Nach Abes Wiederwahl zum Premierminister und seinem anschließenden Amtsantritt am 26. Dezember 2012 habe ich damals in der japanischen Zeitschrift „People China" und in der chinesischen „Global Times" Artikel veröffentlicht, in denen ich Abes Wiederwahl mit der Öffnung der Büchse der Pandora verglich. Ein Jahr danach erwies sich diese Aussage als durchaus berechtigt. Ich habe drei Ratschläge für Abe: 1. Was territoriale Fragen angeht, sollte er nicht alles auf eine Karte setzen. 2. Was den Schreinbesuch betrifft, sollte er kein unnötiges Risiko eingehen. 3. Er sollte nicht zu selbstgefällig und arrogant sein und Probleme nicht auf andere Länder abwälzen oder auf Kosten anderer skrupellos eigene Ziele verfolgen.

Mir ist durchaus bewusst, dass Abe meine Ratschläge nicht befolgen wird, auch wenn er mir hat ausrichten lassen, dass er meinen Artikel gelesen hätte. Er sollte aber zumindest auf die Stimmen seiner Landsleute und den internationalen Tenor hören.

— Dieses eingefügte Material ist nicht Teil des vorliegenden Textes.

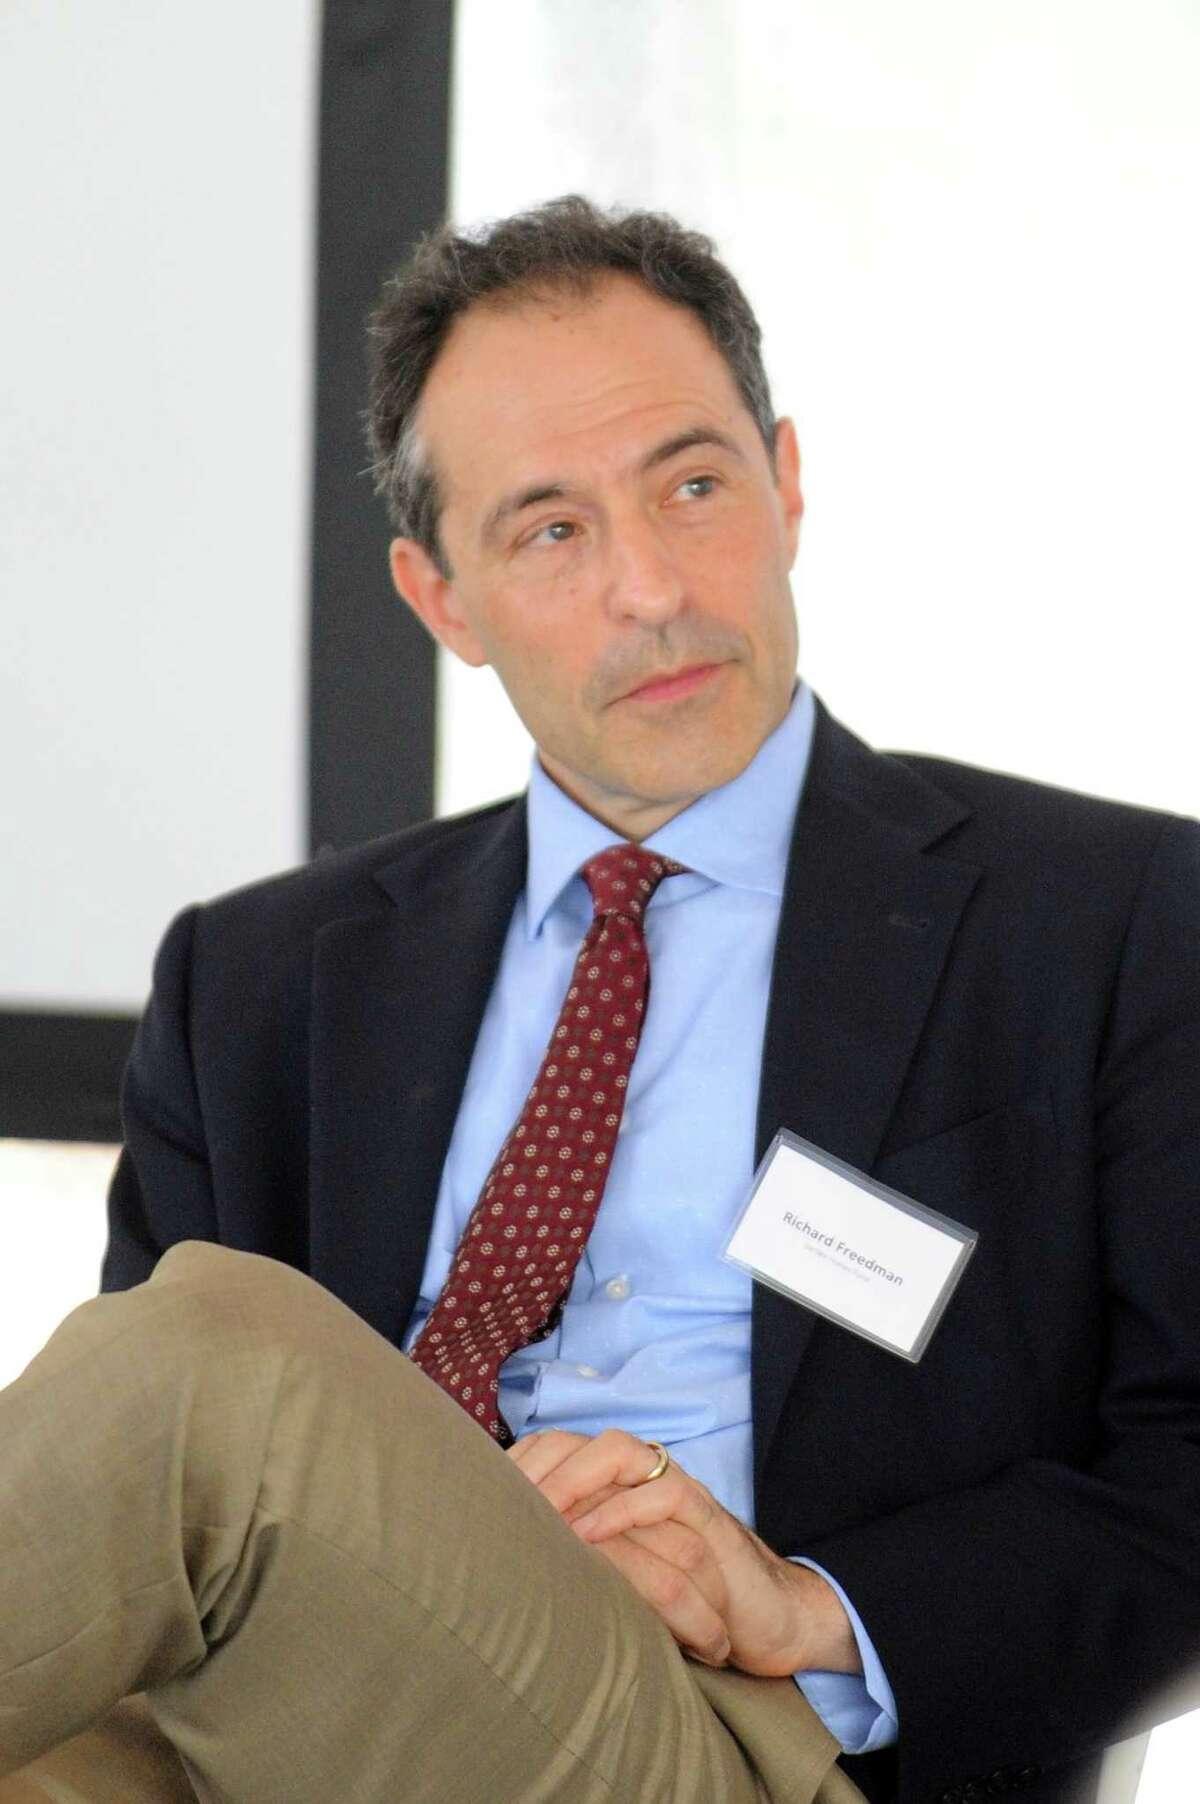 Board of Finance Chairman Richard Freedman

Außerdem sollte er die Zukunft Japans mit in Erwägung ziehen und sie auf keinen Fall weiter den Bach runtergehen lassen.

Ich hätte da noch eine Frage an Shinzo Abe: Der Schreinbesuch verstößt nicht nur gegen Japans eigene politische Richtlinie, sondern vor allem gegen die internationalen Werte. Folglich leidet Japans Status darunter und sein Ansehen in China, Südkorea und sogar den USA leidet darunter. Mit einem Staatsführer, der sich keinerlei Gedanken macht um die Meinungen anderer und eindeutig rechtsgerichtet ist, kann Japan da noch in der globalen Arena eine wichtige Rolle einnehmen? Kann man Japan noch weiterhin vertrauen?